Если облака идут в одну сторону, а ветер дует в дру­гую, предвещает перемену ветра, и именно: с той сторо­ны, откуда идут облака.

Если после ненастья ветер перешел на запад или на «глубник» — «будет прояснивать».

Если на севере показался «синий морок» (синие тучи), летом — к ненастью, зимой — к теплу («морочает с сиверу, надо быть, оттеплет» — говорят зимой).

А появившиеся на севере белые просветы предвещают холод («все забелелось в сиверу-то — холод будет»).

Если солнце «закатается» в тучу — к ненастью, чисто —  к вёдрому, «жарко» (оранжевый закат) — к ветру.

Солнце «в рукавицах» (ложные солнца) или в столбах —  утром к холоду, вечером к теплу.

Если солнце взойдёт чисто и сразу попадёт в тучу, день будет плохой.

Если над солнцем дуга рогами в противоположную к солнцу сторону, алого и голубого цвета, — к снегу и к морозу, а если белого и голубого — к снегу и к теплу.

Месяц в кругу — к бурану.

Если новый месяц «рогом стоит» — к холоду, а если «котлом весится» — к теплу.
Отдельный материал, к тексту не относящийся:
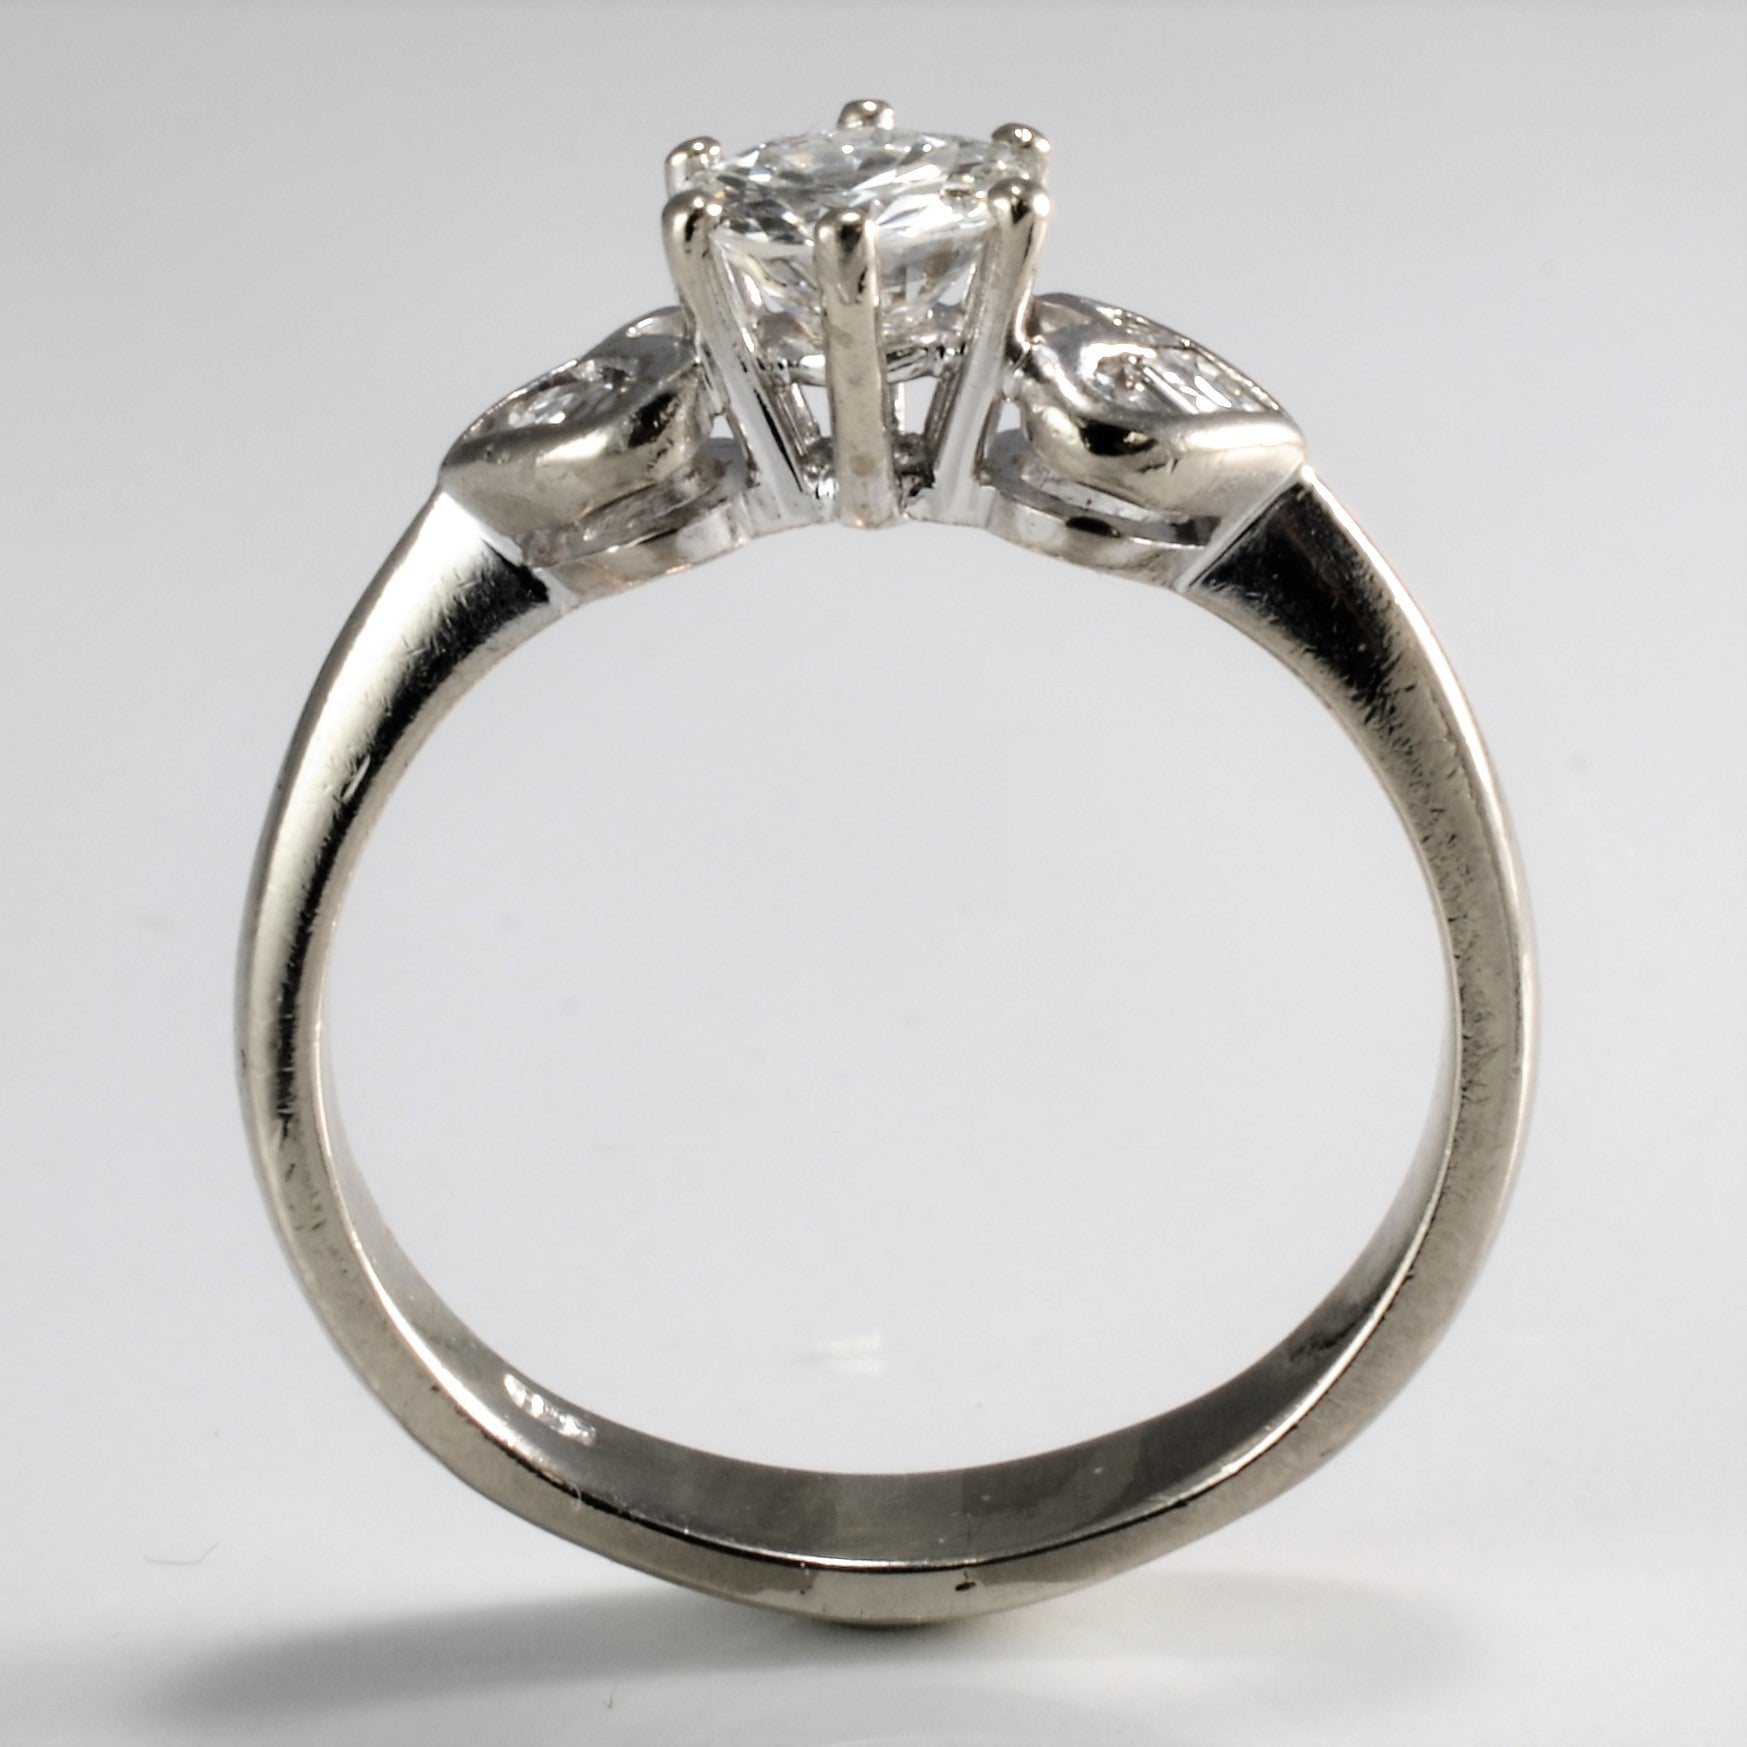 Six Prong Solitaire Diamond & Accents Engagement Ring | 1.00 ctw, SZ 7 |

Звезды сыплются (падают) — к холоду.

Если роса выпала холодная — к ведру, тёплая — к ненастью.

Если дождь начнется с раннего утра, то к полдню проведрит, по этому поводу сургутяне говорят: «Ранний дождь —  до обеда», — а если он начнется близ полдня, то весь день не перестанет.

Где ухает ночью филин, оттуда днём будет ветер.

Собаки траву щиплют — к ненастью.

Кошки или собаки катаются по траве — к ненастью, по снегу — к бурану.

Кони «харапают» — к бурану, ложатся — к теплу.

Куры «щиплются» (ощипывают на себе перья) — к бурану, а если поколачивают носом в курятнике, клюют стены — к морозу.

Кошки «чишут» (чихают) — к ненастью, к бурану.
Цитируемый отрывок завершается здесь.